> **Instructions for the task**:
The required output is all lines below that contain the word "each".

※ ※ ※

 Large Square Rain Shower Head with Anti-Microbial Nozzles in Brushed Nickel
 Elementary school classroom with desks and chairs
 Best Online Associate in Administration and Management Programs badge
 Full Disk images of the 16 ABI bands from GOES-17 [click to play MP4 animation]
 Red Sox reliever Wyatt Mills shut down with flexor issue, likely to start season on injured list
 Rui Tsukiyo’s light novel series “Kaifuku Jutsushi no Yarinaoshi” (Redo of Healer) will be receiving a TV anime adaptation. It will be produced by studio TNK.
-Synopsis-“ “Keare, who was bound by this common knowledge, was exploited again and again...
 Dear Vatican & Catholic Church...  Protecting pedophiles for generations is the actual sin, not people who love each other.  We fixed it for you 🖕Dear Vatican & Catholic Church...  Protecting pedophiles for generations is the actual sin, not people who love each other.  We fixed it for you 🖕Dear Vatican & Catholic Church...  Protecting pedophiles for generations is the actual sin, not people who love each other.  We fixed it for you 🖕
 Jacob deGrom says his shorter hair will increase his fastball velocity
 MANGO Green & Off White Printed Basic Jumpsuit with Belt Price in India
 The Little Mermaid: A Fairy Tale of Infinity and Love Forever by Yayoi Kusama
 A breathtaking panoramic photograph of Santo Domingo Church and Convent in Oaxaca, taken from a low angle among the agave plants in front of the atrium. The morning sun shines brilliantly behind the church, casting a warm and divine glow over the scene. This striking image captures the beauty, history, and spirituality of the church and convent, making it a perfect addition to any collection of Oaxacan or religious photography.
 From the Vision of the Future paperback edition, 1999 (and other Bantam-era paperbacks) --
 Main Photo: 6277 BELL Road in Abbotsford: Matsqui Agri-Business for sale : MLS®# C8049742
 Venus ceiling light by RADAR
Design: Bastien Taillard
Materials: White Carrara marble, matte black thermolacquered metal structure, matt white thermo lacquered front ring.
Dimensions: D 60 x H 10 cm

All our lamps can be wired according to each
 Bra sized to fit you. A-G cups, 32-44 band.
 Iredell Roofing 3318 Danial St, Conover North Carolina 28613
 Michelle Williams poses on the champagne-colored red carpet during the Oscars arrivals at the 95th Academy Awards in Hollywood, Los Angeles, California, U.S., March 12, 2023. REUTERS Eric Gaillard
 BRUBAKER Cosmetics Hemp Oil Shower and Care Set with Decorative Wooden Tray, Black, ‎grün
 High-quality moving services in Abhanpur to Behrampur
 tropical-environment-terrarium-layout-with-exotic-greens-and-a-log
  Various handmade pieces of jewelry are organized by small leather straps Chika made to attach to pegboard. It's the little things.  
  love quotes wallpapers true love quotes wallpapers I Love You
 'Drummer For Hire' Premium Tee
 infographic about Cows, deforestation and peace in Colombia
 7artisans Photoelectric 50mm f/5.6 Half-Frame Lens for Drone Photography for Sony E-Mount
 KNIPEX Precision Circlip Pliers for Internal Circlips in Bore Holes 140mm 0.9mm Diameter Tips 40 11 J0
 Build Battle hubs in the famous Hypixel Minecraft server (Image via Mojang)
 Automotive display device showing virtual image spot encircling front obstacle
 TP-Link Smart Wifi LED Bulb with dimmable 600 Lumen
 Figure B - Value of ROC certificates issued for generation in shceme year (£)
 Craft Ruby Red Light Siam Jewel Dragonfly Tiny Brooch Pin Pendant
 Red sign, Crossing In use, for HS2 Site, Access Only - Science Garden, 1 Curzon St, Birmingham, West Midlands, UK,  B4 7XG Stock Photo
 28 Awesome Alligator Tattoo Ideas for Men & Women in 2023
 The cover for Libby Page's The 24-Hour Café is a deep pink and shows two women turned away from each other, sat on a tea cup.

※ ※ ※

> **Written solution**:
 Dear Vatican & Catholic Church...  Protecting pedophiles for generations is the actual sin, not people who love each other.  We fixed it for you 🖕Dear Vatican & Catholic Church...  Protecting pedophiles for generations is the actual sin, not people who love each other.  We fixed it for you 🖕Dear Vatican & Catholic Church...  Protecting pedophiles for generations is the actual sin, not people who love each other.  We fixed it for you 🖕
All our lamps can be wired according to each
 The cover for Libby Page's The 24-Hour Café is a deep pink and shows two women turned away from each other, sat on a tea cup.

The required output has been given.